| Em
09/03/10
Por Jorge Américo
Apesar
de ter sido criado dois anos após a abolição da escravidão
no Brasil, foi preciso mais 120 anos para que o Supremo Tribunal
Federal percebesse que a Lei Áurea não garantiu a liberdade
de fato dos negros. Durante três dias, entre 3 e 5 de março,
milhões de brasileiros acompanharam com atenção e revolta
os debates da Audiência Pública convocada pelo ministro Ricardo
Lewandovisk, relator das ações da Confederação Nacional dos
Estabelecimentos de Ensino (Confenem) e do partido Democratas
(DEM). Na pauta, a discussão sobre a constitucionalidade das
cotas, um dos temas mais caros ao movimento negro e organizações
sociais combativas.
“Para
reafirmar o nosso posicionamento em ralação ao debate de combate
ao racismo e na discussão da luta de classes, enviamos três
representantes para participar da audiência. Os movimentos
de luta têm a difícil missão de concentrar todas as suas forças
para fazer pressões capazes de convencer os ministros do STF
de que a adoção da política de cotas é o caminho mais viável
para a reparação das injustiças sofridas pela população historicamente
oprimida, diz Heber Fagundes, do Conselho Geral da Uneafro.
A
estratégia utilizada pelos opositores ficou centrada na negação
do racismo no Brasil e no perigo de incitação ao ódio racial.
O debate foi marcado por momentos de tensão e revolta, sobretudo
após o pronunciamento do senador Demóstenes Torres (DEM).

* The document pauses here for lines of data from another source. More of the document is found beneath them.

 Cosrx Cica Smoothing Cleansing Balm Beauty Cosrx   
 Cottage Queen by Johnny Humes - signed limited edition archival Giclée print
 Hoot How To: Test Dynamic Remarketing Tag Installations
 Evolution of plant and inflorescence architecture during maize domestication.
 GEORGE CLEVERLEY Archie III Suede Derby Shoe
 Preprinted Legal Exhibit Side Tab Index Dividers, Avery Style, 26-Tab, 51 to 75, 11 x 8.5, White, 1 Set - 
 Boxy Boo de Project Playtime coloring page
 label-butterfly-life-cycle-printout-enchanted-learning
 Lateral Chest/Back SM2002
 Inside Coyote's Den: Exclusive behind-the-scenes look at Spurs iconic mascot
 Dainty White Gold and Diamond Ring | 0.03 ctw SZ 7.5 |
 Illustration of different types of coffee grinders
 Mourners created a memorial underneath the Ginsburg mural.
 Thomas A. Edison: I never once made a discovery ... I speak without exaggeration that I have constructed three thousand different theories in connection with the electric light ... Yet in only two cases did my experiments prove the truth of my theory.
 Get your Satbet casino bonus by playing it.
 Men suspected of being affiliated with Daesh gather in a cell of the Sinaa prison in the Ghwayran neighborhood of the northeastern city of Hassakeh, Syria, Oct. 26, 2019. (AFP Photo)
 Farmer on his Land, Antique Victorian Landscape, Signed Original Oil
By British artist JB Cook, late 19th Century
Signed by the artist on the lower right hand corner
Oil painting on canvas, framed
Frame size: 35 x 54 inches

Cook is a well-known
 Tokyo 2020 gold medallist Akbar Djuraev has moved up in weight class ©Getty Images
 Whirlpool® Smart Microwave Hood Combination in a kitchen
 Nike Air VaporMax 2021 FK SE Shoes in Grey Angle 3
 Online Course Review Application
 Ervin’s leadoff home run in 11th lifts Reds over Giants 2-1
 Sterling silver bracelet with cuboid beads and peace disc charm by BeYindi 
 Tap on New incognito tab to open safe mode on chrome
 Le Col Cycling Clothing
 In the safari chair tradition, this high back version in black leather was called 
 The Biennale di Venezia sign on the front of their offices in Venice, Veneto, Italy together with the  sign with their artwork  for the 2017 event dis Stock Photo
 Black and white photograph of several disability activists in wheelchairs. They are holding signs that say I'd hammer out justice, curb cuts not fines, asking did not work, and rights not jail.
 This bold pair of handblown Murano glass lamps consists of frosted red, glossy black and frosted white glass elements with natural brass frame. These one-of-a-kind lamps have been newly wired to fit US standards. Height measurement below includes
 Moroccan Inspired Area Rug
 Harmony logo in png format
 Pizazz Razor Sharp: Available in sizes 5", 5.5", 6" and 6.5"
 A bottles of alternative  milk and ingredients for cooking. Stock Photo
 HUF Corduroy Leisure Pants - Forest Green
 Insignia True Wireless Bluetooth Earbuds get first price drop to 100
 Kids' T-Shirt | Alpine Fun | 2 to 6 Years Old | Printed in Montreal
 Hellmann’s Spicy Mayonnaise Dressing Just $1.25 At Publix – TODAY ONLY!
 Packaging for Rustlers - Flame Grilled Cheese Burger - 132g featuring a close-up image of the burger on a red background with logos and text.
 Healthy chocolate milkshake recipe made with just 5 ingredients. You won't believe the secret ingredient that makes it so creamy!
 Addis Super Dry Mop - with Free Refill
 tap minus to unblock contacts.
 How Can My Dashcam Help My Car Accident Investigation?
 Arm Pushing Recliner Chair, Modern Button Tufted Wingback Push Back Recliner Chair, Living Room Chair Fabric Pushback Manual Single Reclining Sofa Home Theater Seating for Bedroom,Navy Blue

Isso se deu porque o parlamentar tentou responsabilizar os
africanos pela escravização dos negros, que perdurou por 350
anos no Brasil. "Os próprios negros seqüestravam seus
compatriotas[...] há registros de que muitos alforriados eram
proprietários de escravos".
No
intervalo da audiência, parte da militância se mobilizou para
produzir uma carta de repudio à declaração do senador na qual
afirmou que a violência sexual sofrida pelas mulheres negras
durante a escravidão não teria se configurado como casos de
estupro, mas como "relações consensuais". Com sutileza,
no dia seguinte, a Ministra Cármen Lúcia indagou a um pró-reitor
universitário se existiam estatísticas sobre a presença de
mulheres negras na universidade. “Sinto o peso do preconceito
por ser mulher e imagino que as mulheres negras devem sofrer
dobrado”, declarou.
“Durante
os três dias de debate presenciamos o racismo institucional,
seja na hostilidade de alguns funcionários, seja na estratégia
do cerimonial em manter os representantes das organizações
sociais em um espaço separado daquele onde eram realizadas
as intervenções dos debatedores”, comenta Sérgio Caetano,
da UNEafro. O público só pôde acompanhar o debate presencialmente
após uma representante das religiões afro-brasileiras ter
sido barrada por seguranças, o que gerou uma tensão no saguão
do auditório.
Antes
do anúncio do julgamento que decidirá o futuro das cotas e
dos negros, o ministro Lewandovisk deverá elaborar um relatório,
que servirá de orientação ao voto dos demais magistrados.